25 January 2007

So quiet you could hear a pun drop

There was a report on BBC Breakfast news about Victorian jokes. I caught this one which must have had them rolling in the aisles in the 1850s:

"What’s the difference between a rowing boat and Joan of Arc?
One is made of wood and the other is Maid of Orleans"

Hmmmm, I thought and carried on drinking my coffee.

The actual story is a little more interesting (to me anyway!) and is about the discovery of a Victorian comedian's private joke book. The book which was uncovered by Dr Anne Featherstone, a lecturer in performance history at the University of Manchester, contains a handwritten record of jokes used by a circus clown, Tom Lawrence, in the 1850s.

Victorian stand-ups, dressed in the "grotesque and gorgeous" outfits of a clown, would deliver jokes about useless husbands and bad-tempered wives, violent policemen, railway crashes and the hardships faced by the poor. It seems that Victorians liked clever word-play and punning: "Bad husbands are like bad coals - they smoke, they go out, and they don't keep the pot boiling."

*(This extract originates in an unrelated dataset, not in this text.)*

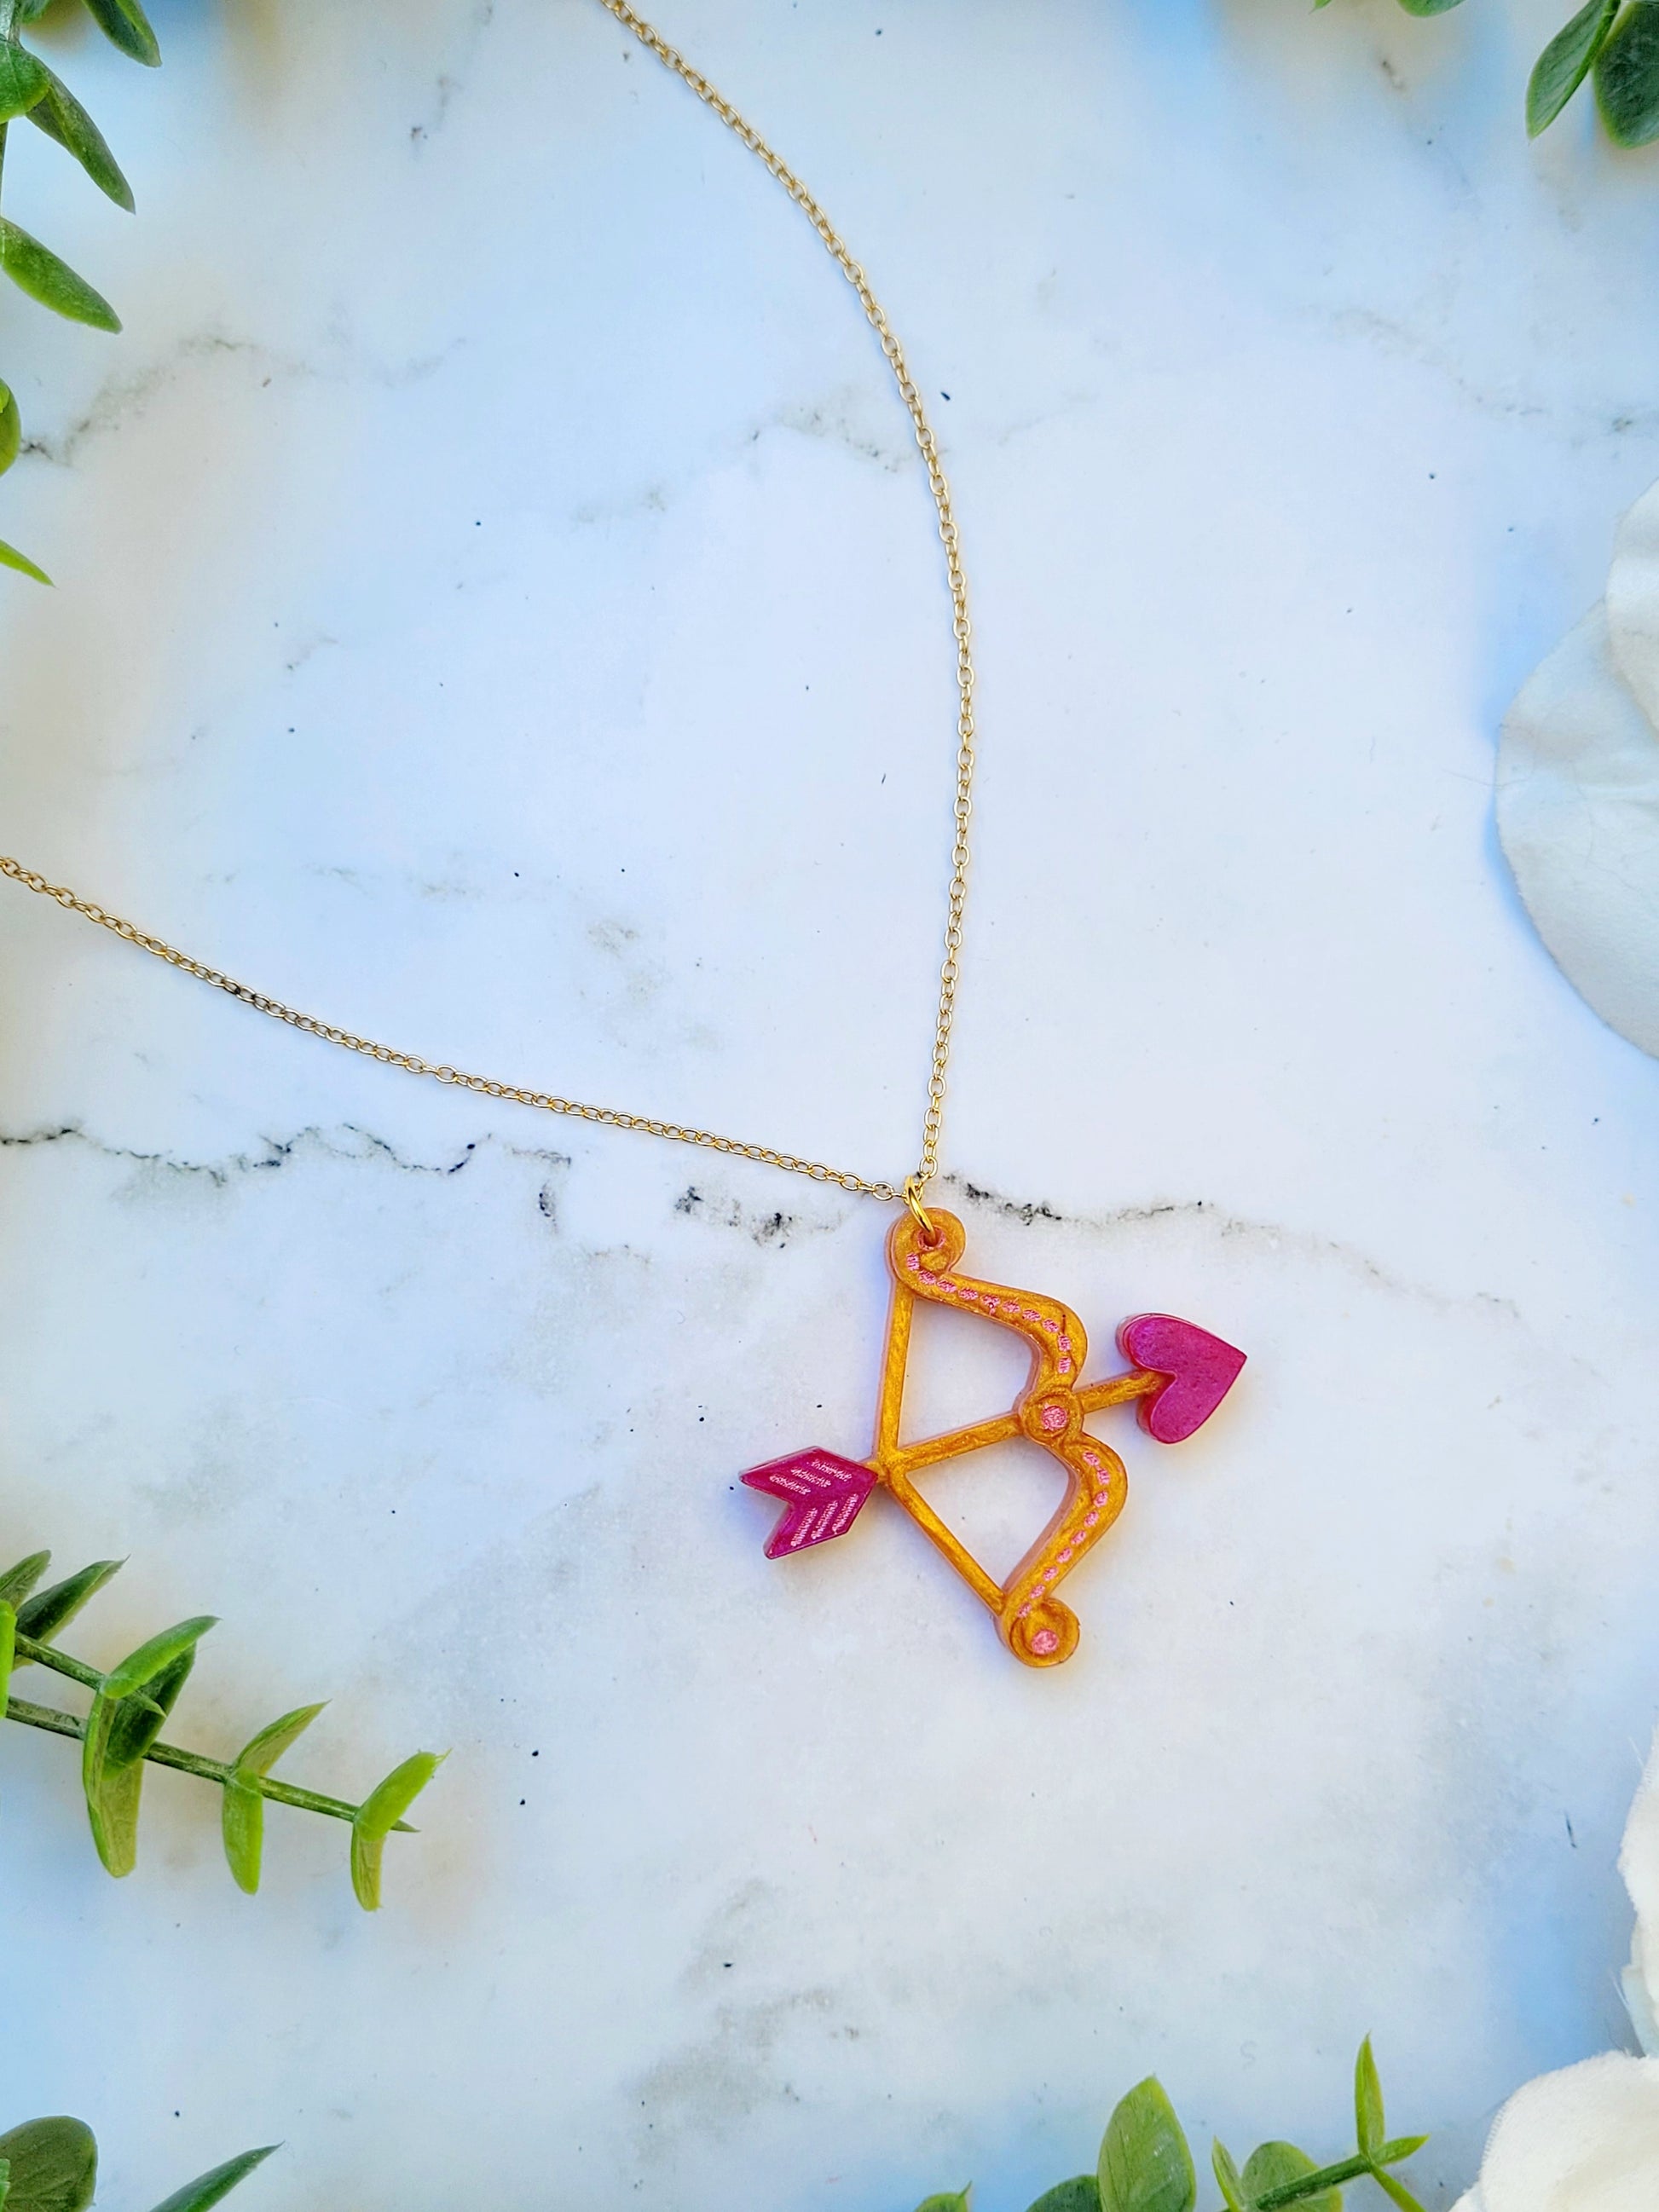 close up of gold and pink cupid's bow necklace on a white marble background surrounded by foliage.

"It's mostly gentle humour - but some of the misogynistic stuff is quite vicious” said Doctor Featherstone. “There's one where he says 'ave you seen my girlfriend's bonnet, I gave her that? Have you seen her jacket, I gave her that. Have you seen her eyes? Yes, they were both black. And the clown says - yes, I gave her those."

The police were also the butt of jokes: "This town is paraded with policemen in blue, They carry a mighty big staff and make use of it too. They batter your sconce in for pleasure, In the station house poke you for fun, They take all your money and treasure - And fine you five bob when they've done!"

So who would I go for? The late, great Bill Hicks or the late Tom Lawrence? I think Bill Hicks had the edge in the dead comedian stakes!

But that wasn’t the end to today’s gruesome puns. I have only recently started reading Terry Pratchett’s Discworld books and very entertaining they are too. However, he is certainly not above some ghastly puns himself. A short while later while on the train into London I came across this atrocity in “Soul Music” (In which Death seeks the meaning of life and a music with rocks in it becomes the toast of Ankh Morpork):

”Who’s the most famous horn player there ever was Glod”

“Brother Charnel” said the dwarf promptly “Everyone knows that. He stole the altar gold from the temple of Offler and had it made into a horn and played magical music until the gods caught up with him and pulled off his-“

“Right” said Buddy “but if you went out there now and asked who the most famous horn player is, would they remember some felonious monk or would they shout for Glod Glodson”



Steve Bates said...

Pratchett, describing Ankh-Morpork's historic great fire, describes part of a rioting mob breaking into a musical instrument store and carrying off instruments. One character... sorry, I can't remember which... has just one word for them: "Luters." GROAN!

Unfortunately, the pun "felonious monk" has been around a long time, since long before Pratchett, probably since the great, quirky piano man himself. These days, I believe there's even a blogger who uses that name.

Anonymous said...

Robert Rankin is a good source for appalling puns.

Of course I can't recall any off the top of my head... just read all the books.

Bryan said...

I knew you would get it, Jams.

"I'm on a mission from Glod" was my second favorite, but I've seen The Blues Brothers too many times.

jams o donnell said...

Luters? Noe that is plumbing the depthsm Steve! As was being on a message from Glod Bryan... oh and looking a bit elvish and all the other ones!

I am enjpying the Discworld jokes very much.. Monstrous regiment next (way out of synch I know but in the main I am working backwards)

I am no surprised the Felonious monk one is an oldie Steve.. Still it was a groan inducer!

Robert Ranking, now there is another writer I have never read. Being a fan of all things fortean, I really wonder why I haven't Skuds

elasticwaistbandlady said...

Sadly, I suffer from Victorian pun illiteracy. :( With your pledge of 100 dollars a month though, you can help bring joy and laughter into the life of a person who just doesn't "get it." Can I count on your support to wipe out this pervasive pun incompetency problem, jams?

jams o donnell said...

Oooh when you put it that way EWBL, how could I refuse?

Anonymous said...

"Good Omens" by Neil Gaiman and Terry Pratchett. Read it and GROAN. It's hilarious!

jams o donnell said...

I'll be reading it pretty soon by looks of it Siv.. I'm getting through the Discworld books at a fair rate of knots and, Rincewind apart, I am enjoying them very much!